# [WORK ITEM]
Only the text belongs in the copy. Transcribe the data exactly and drop any pictures.
** Opening GIVEN MATERIAL block **
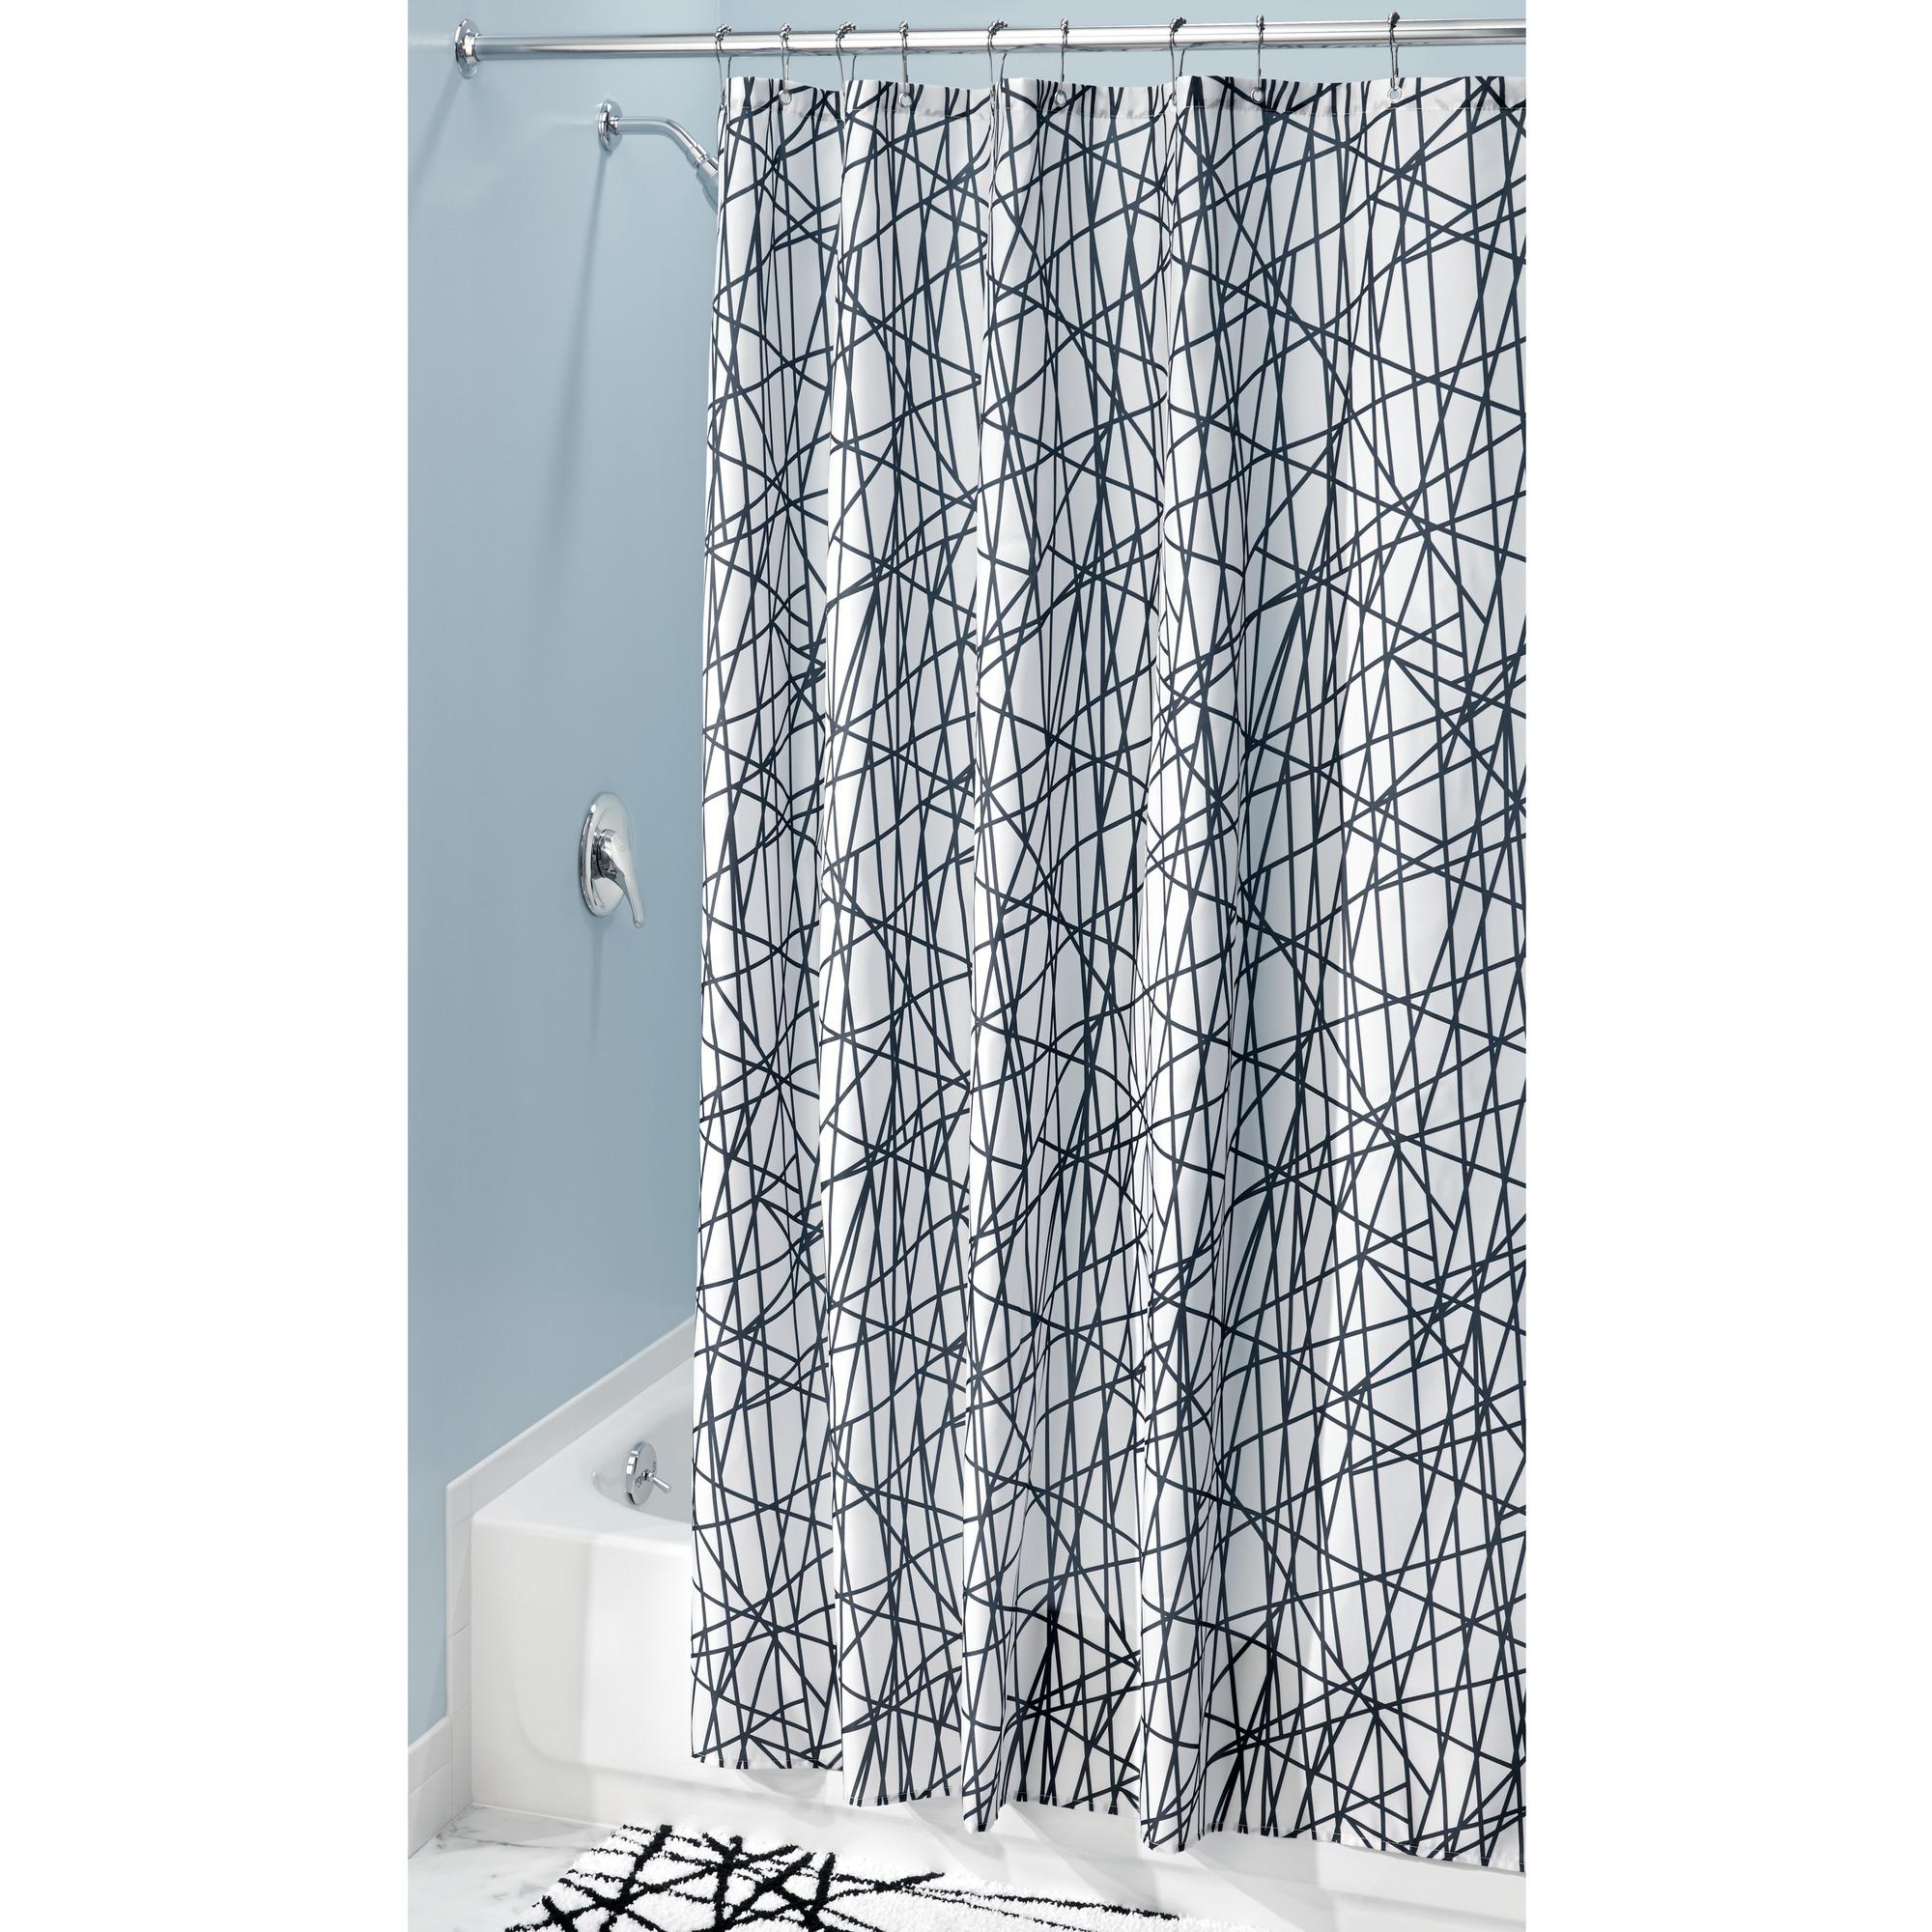 "InterDesign Abstract Fabric Shower Curtain, Standard 72"" x 72"", Black/White"
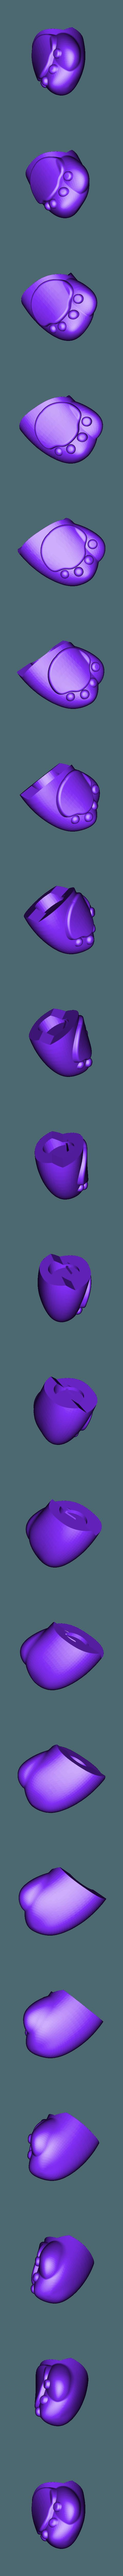 86Duino_bear_Deadpool_type_-_09.STL Download free STL file 86Duino Bear Deadpool • 3D printer template, 86Duino
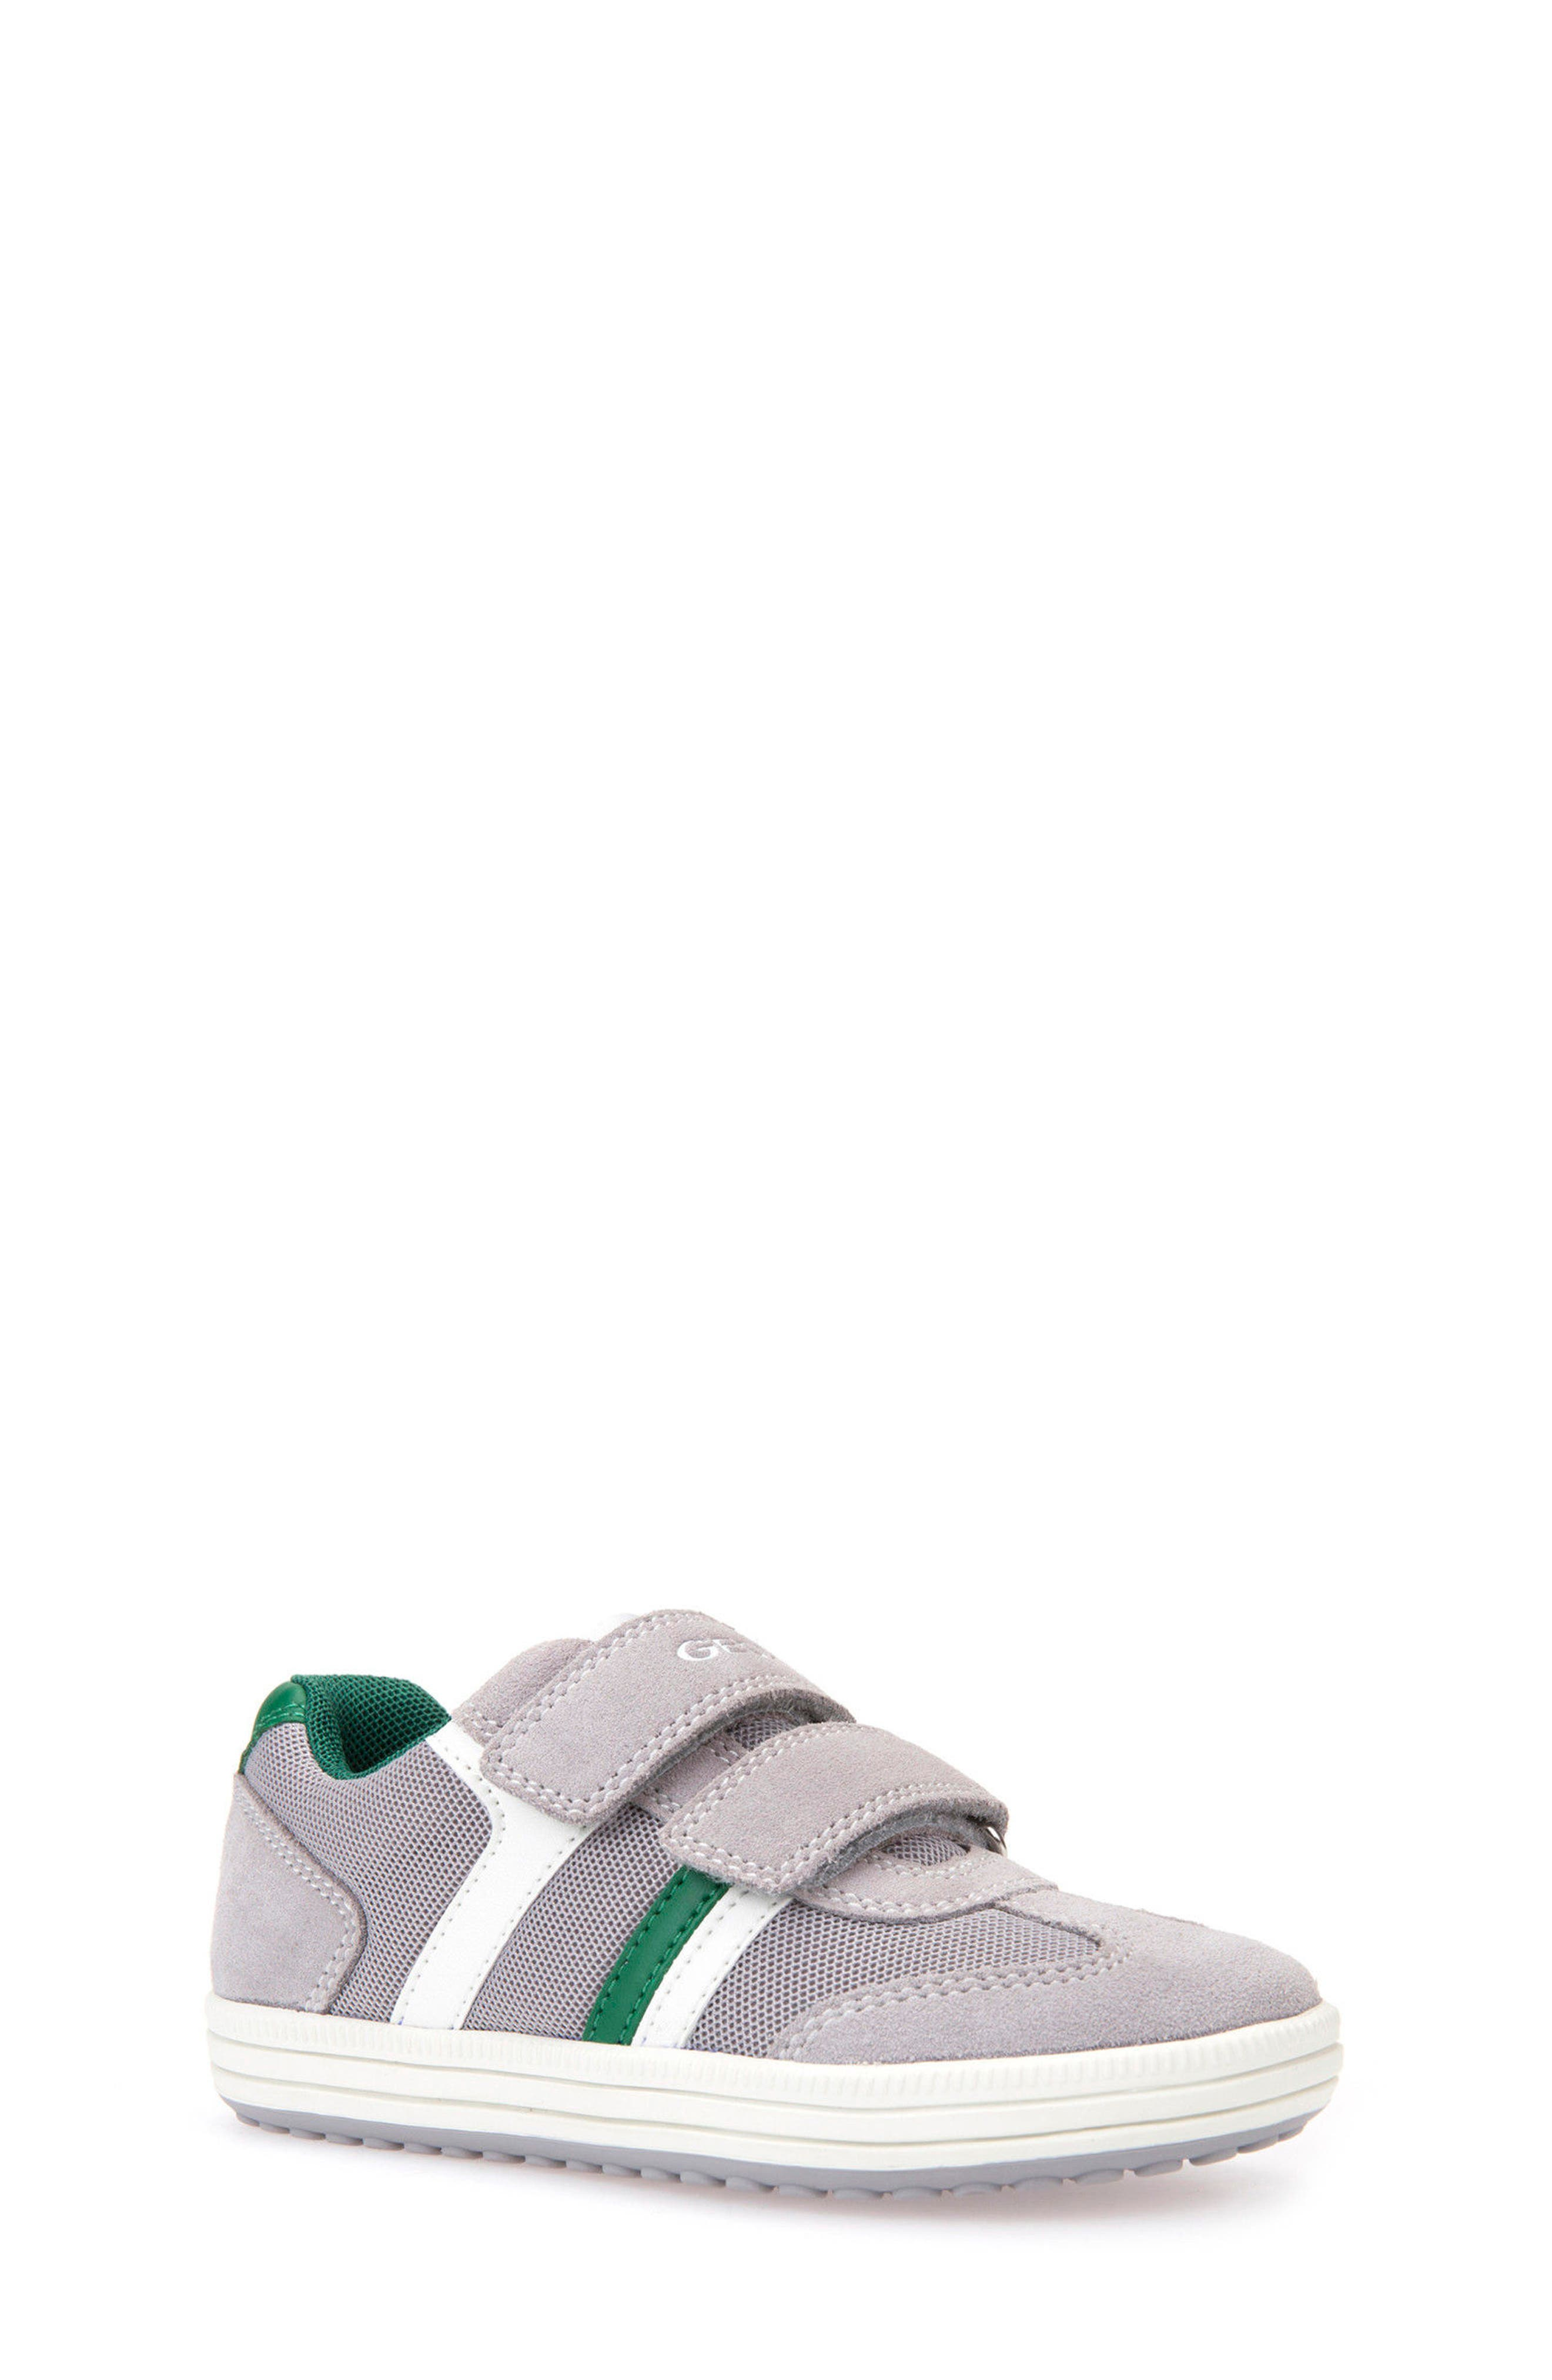 Kilwi Sneaker,                             Main thumbnail 1, color,                             GREY/ GREEN
** Closing GIVEN MATERIAL block **
# [RESULT]
 "InterDesign Abstract Fabric Shower Curtain, Standard 72"" x 72"", Black/White"
 86Duino_bear_Deadpool_type_-_09.STL Download free STL file 86Duino Bear Deadpool • 3D printer template, 86Duino
 Kilwi Sneaker,                             Main thumbnail 1, color,                             GREY/ GREEN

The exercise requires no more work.